Chunk #47 — Review — Chromatin accessibility high-throughput sequence data analysis — Stage 4 analysis

Source: Chromatin accessibility: a window into the genome.
Embedded: yes

Text

Data annotation and integration represents the final and most informative stage of analysis and requires computational and genomics background on genomic organization and structure (Step 16). After identification of enriched regions and estimation of metrics of nucleosome organization and TF occupancy, it is often desirable to evaluate this data in light of relevant information from other experiments.

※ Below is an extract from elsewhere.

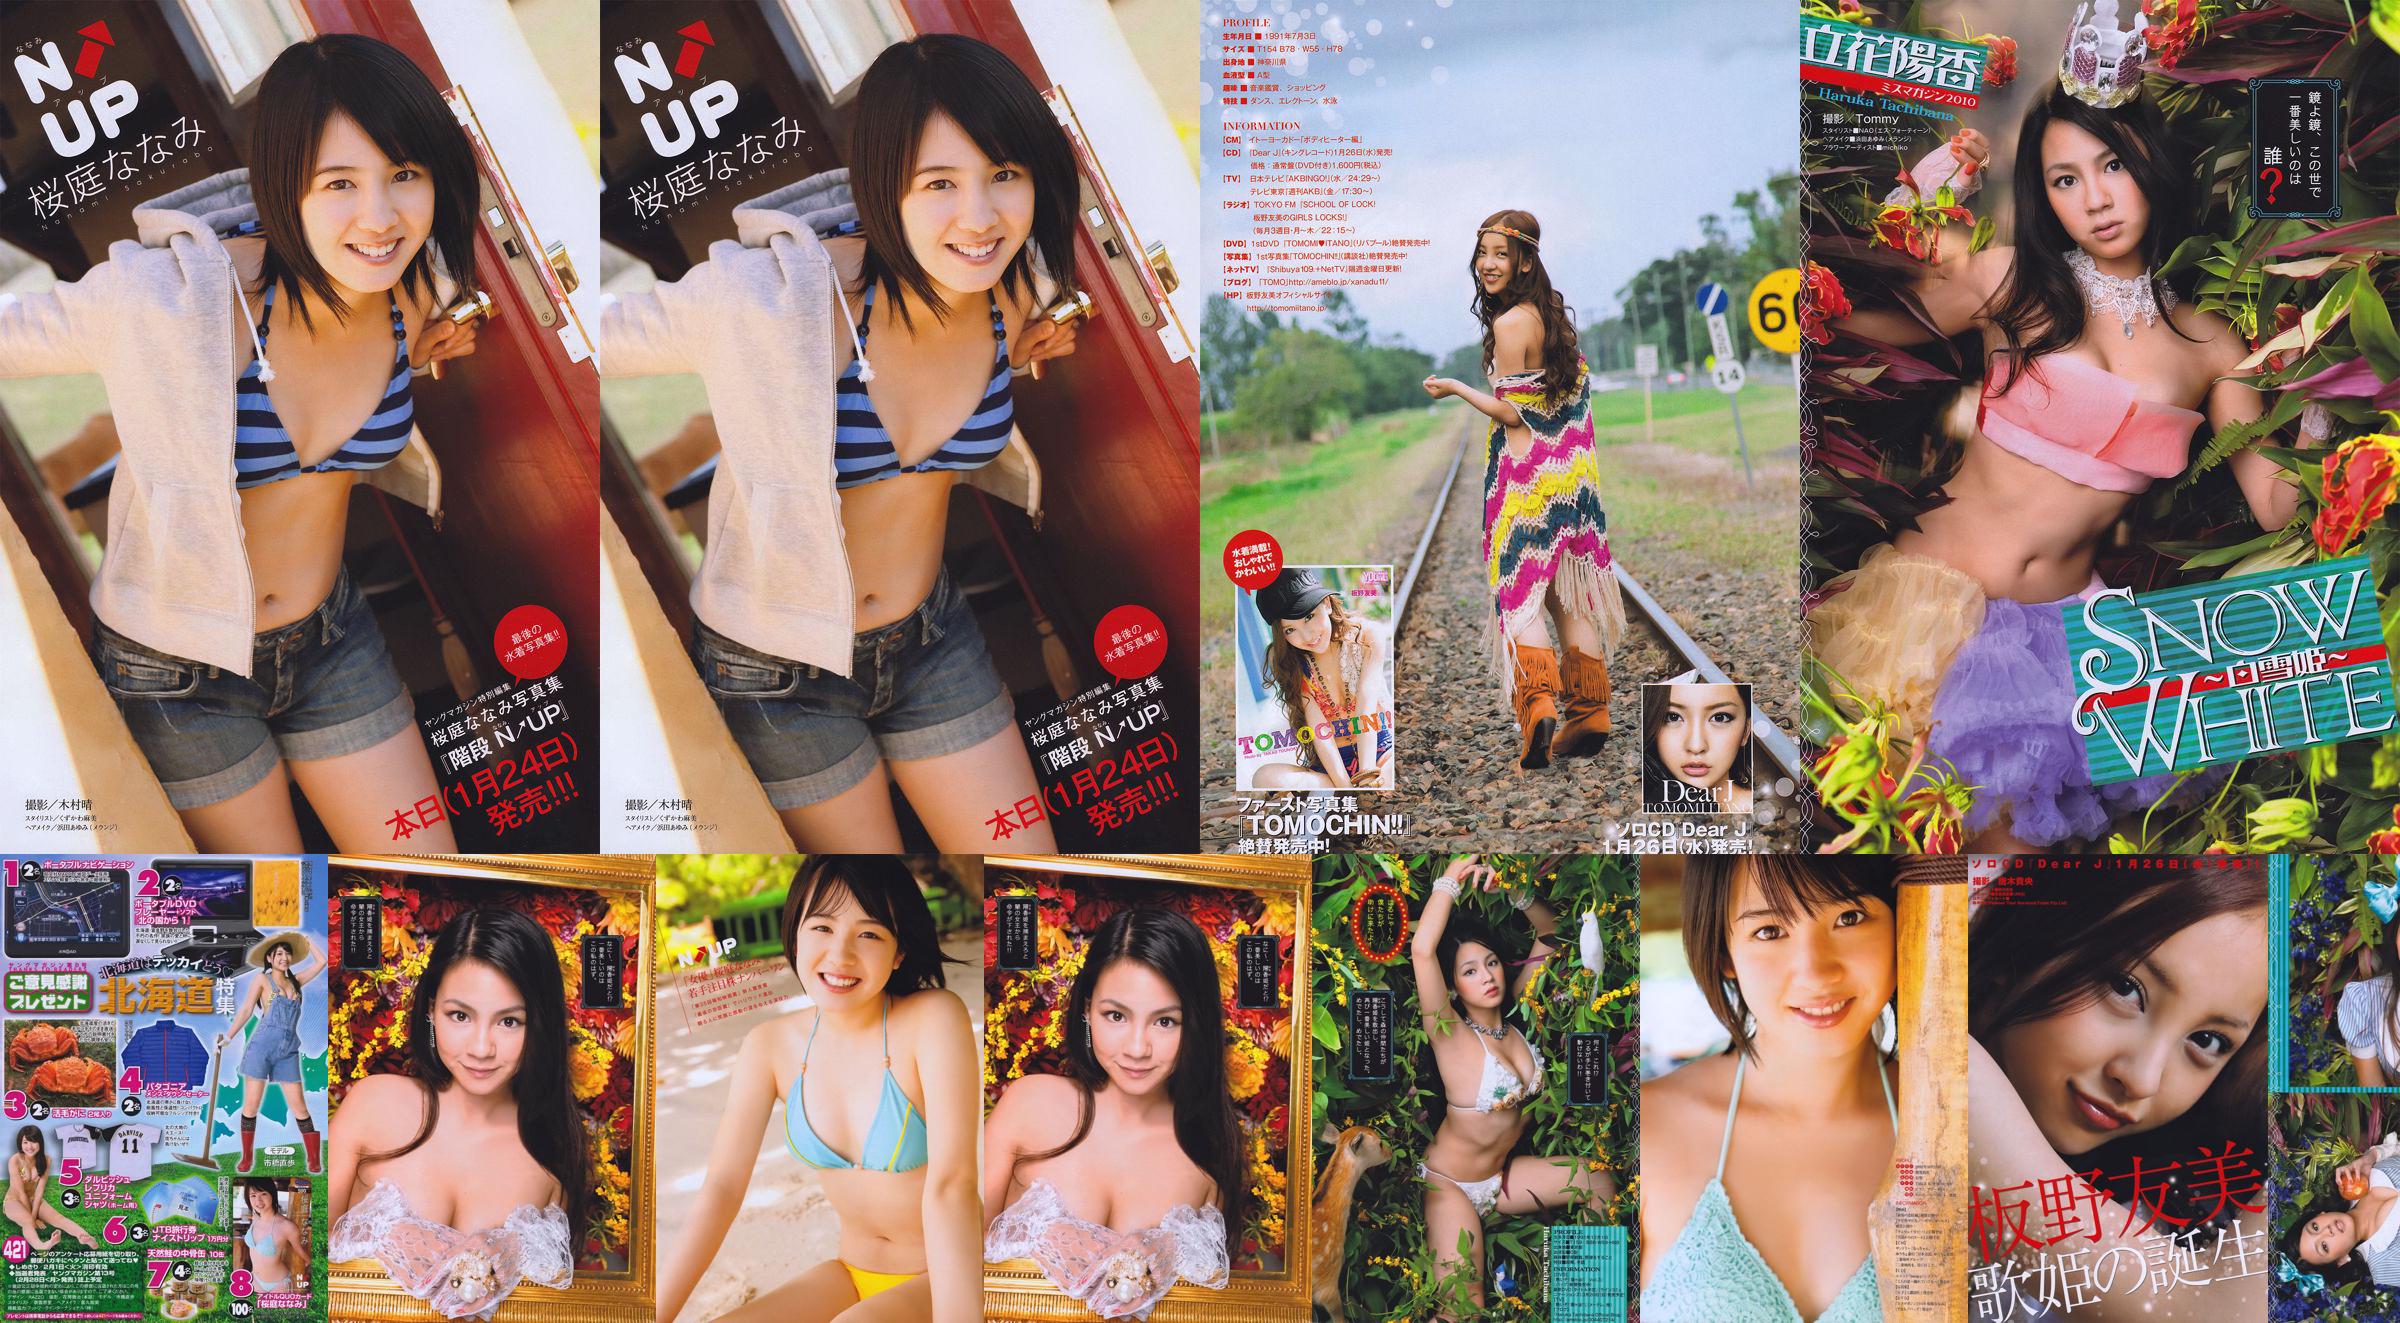 [Young Magazine] Nanami Sakuraba 2011 nr 08 Foto No.4720f4 Pagina 1

For example, a researcher can evaluate the overlap or association of the sequence data with genomic features (that is promoters, introns, intergenic regions, TSSs, TTSs) and ontological entities (that is molecular functions, biological processes, cellular components, disease ontologies, and so on). For that purpose, BedTools (documentation is available at http://bedtools.readthedocs.org) and its sister PyBEDTools represent a versatile suite of utilities for a variety of comparative and exploratory operations on genomic features such as identifying overlap between two datasets, extracting unique features, and merging enriched regions using a predefined distance value [141, 142, 152]. Also the UCSC genome browser offers a suite of similar utilities specifically tailored for data file conversions (http://genome.ucsc.edu/util.html). Identified chromatin accessible locations can be compared against functional annotations with GREAT, to identify significantly enriched pathways or ontologies and direct future hypotheses [153].